Dried sample	4900 ppm	4840 ppm	4800 ppm	4800 ppm
Calcined sample	4650 ppm	4500 ppm	4000 ppm	3100 ppm
Remained ratio(%)	94.9	93.0	83.3	64.5

Claims

1. A method for preparing a metal oxide containing precious metals, comprising the step of continuously reacting a reaction mixture, comprising (i) water, (ii) a water-soluble precious metal compound, (iii) a water-soluble cerium compound and (iv) at least one water-soluble metal compound selected from a group consisting of a zirconium compound, a scandium compound, a yttrium compound and a lanthanide metal compound other than a cerium compound, at a temperature from 200° C. to 700° C. and at a pressure of 180 bar to 550 bar, wherein

a molar ratio of precious metal to metal other than the precious metal in a reaction product is in a range from 0.001 to 0.1.

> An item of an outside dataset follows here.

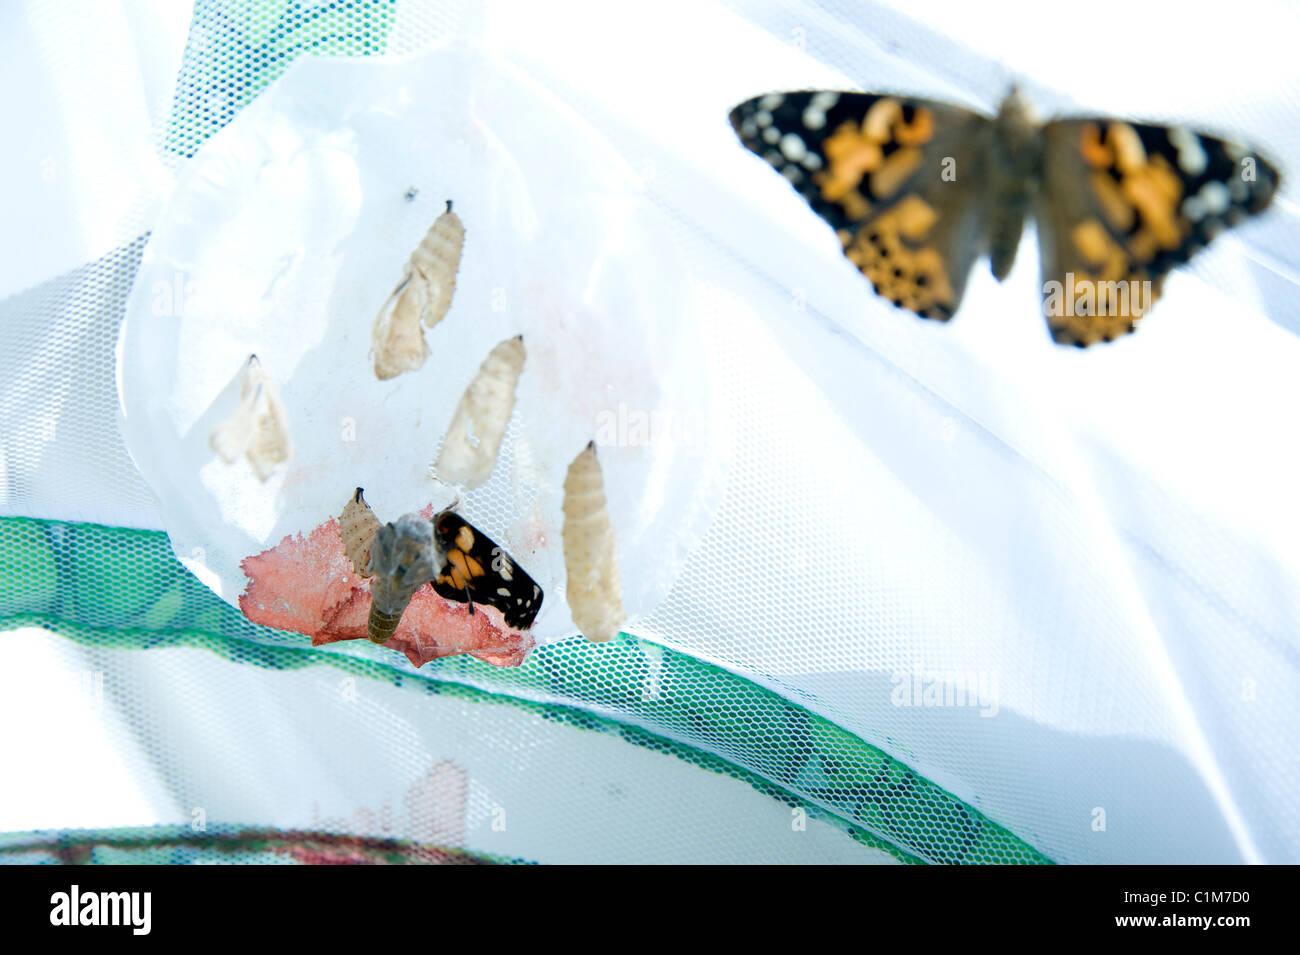 Breeding butterflies - Stock Image

2. The method according to claim 1, wherein the water-soluble precious metal compound is at least one kind of precious metal compound selected from the group consisting of Pt, Pd, Rh, Ir, Ru and Ag.

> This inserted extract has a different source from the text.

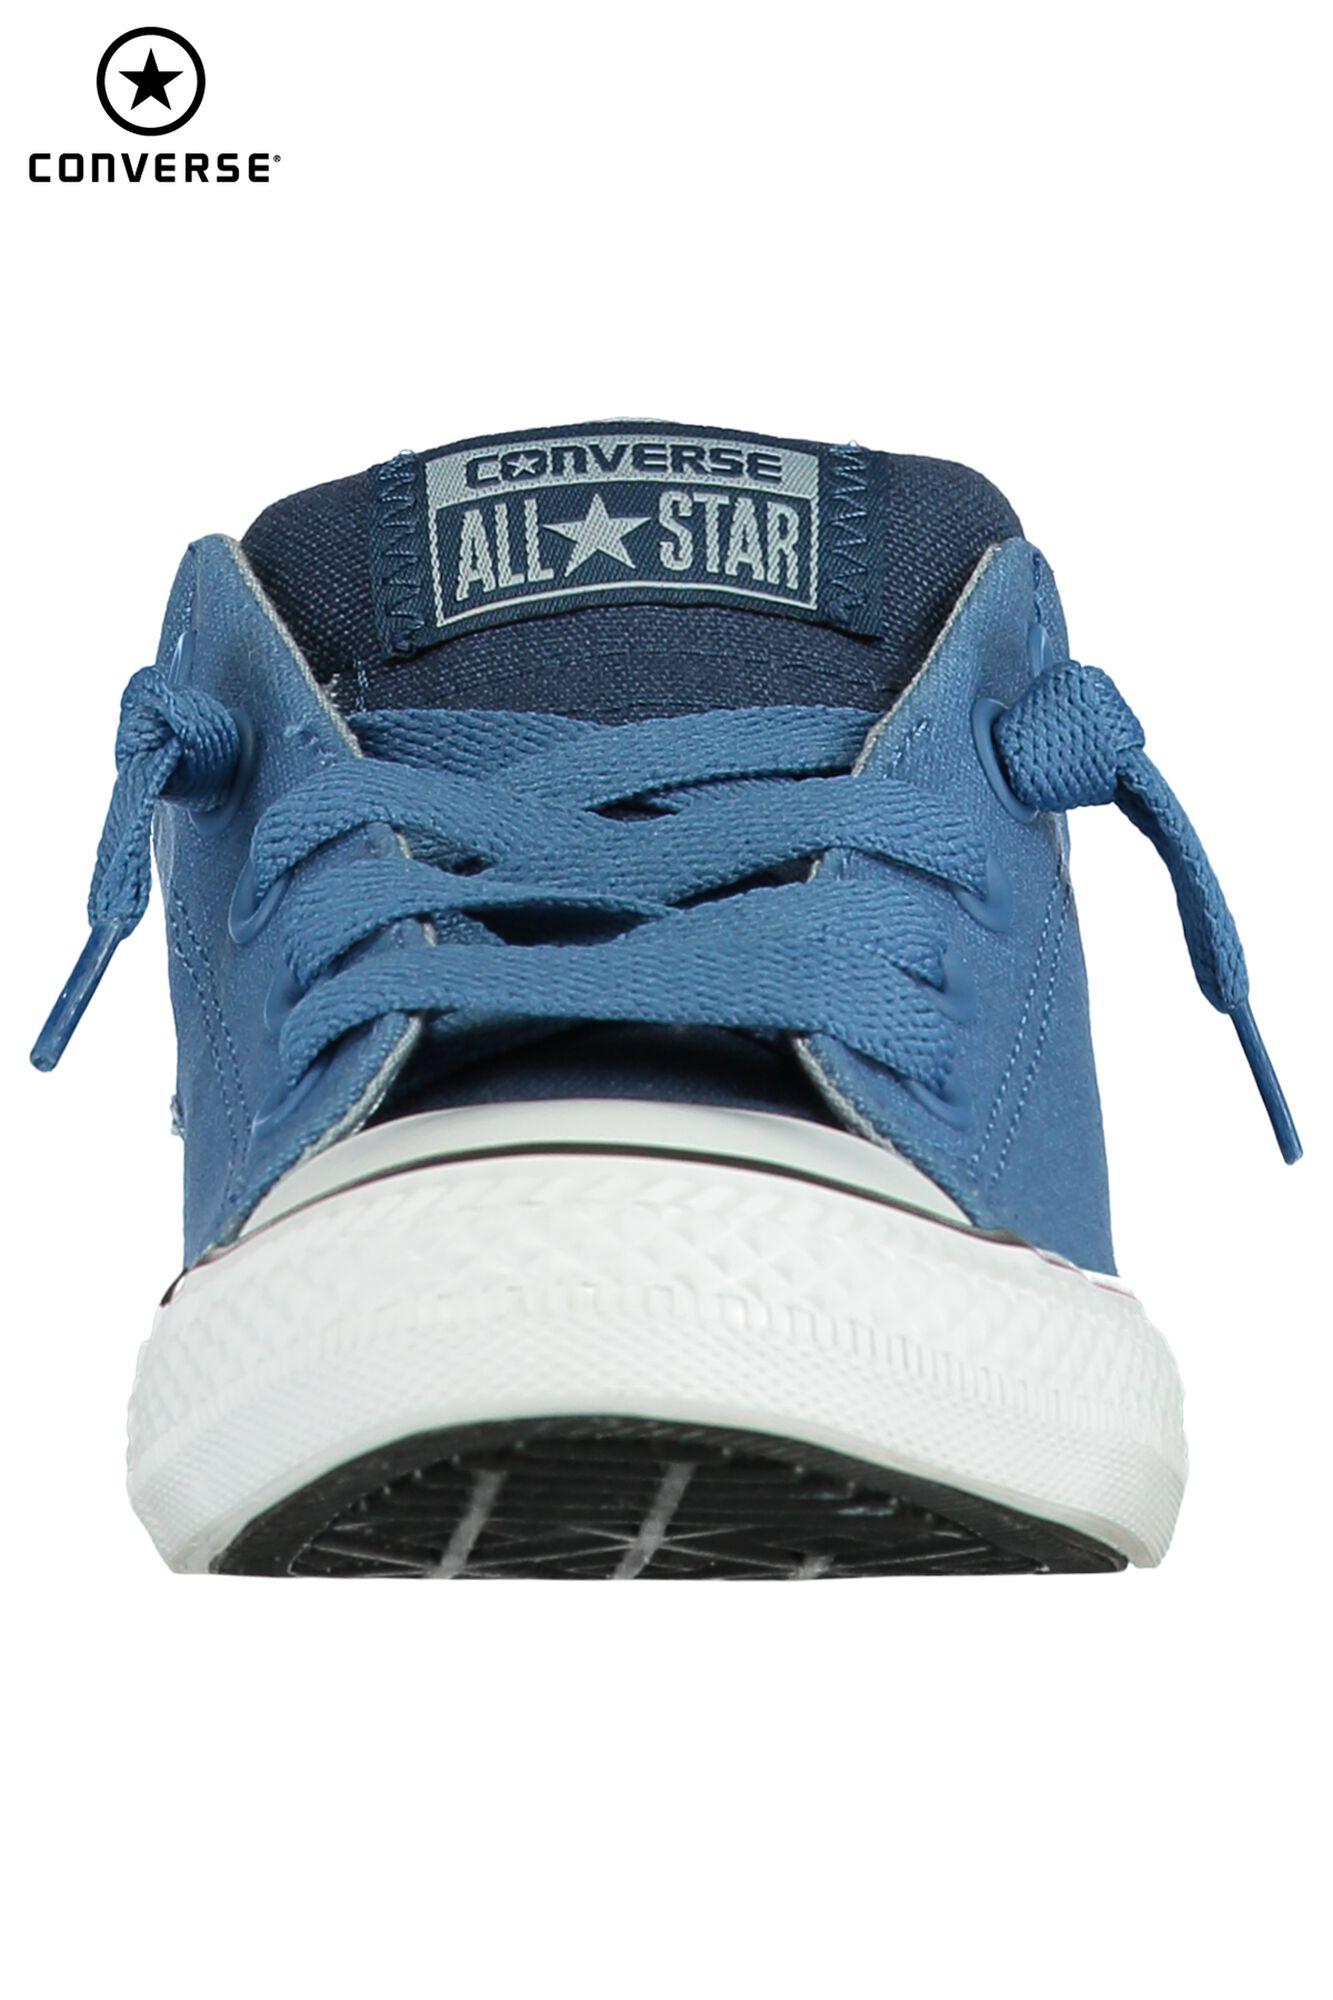 ed23cc6ae31 Jongens Converse All Stars street Blauw Kopen Online

3. The method according to claim 1, wherein the water-soluble cerium compound is a nitrate, a sulfate, a chloride, an oxalate or a citrate.

4. The method according to claim 1, wherein the at least one water-soluble metal compound selected from the group consisting of a zirconium compound, a scandium compound, a yttrium compound and a lanthanide metal compound other than a cerium compound is a nitrate, a sulfate, a chloride, an oxalate or a citrate.

5. The method according to claim 1, wherein the reaction mixture further comprises an alkaline solution or an acidic solution having a molar ratio of 0.1 to 20 mole per mole of the metal compound before the reaction or during the reaction.

6. The method according to claim 5, wherein the alkaline solution is ammonia water.

7. The method according to claim 1, further comprising at least one aftertreatment process of separation, drying or calcination of synthesized metal oxide.

8. The method according to claim 1, wherein the prepared metal oxide exists in a form of a mixed oxide, a deposit or a solid solution.

9. The method according to claim 1, wherein the prepared metal oxide exists in a form of a solid solution.

10. An oxygen storage capacity material comprising the metal oxide which is prepared by the method according to claim 1.

11. A catalyst system comprising the metal oxide which is prepared using the method according to claim 1.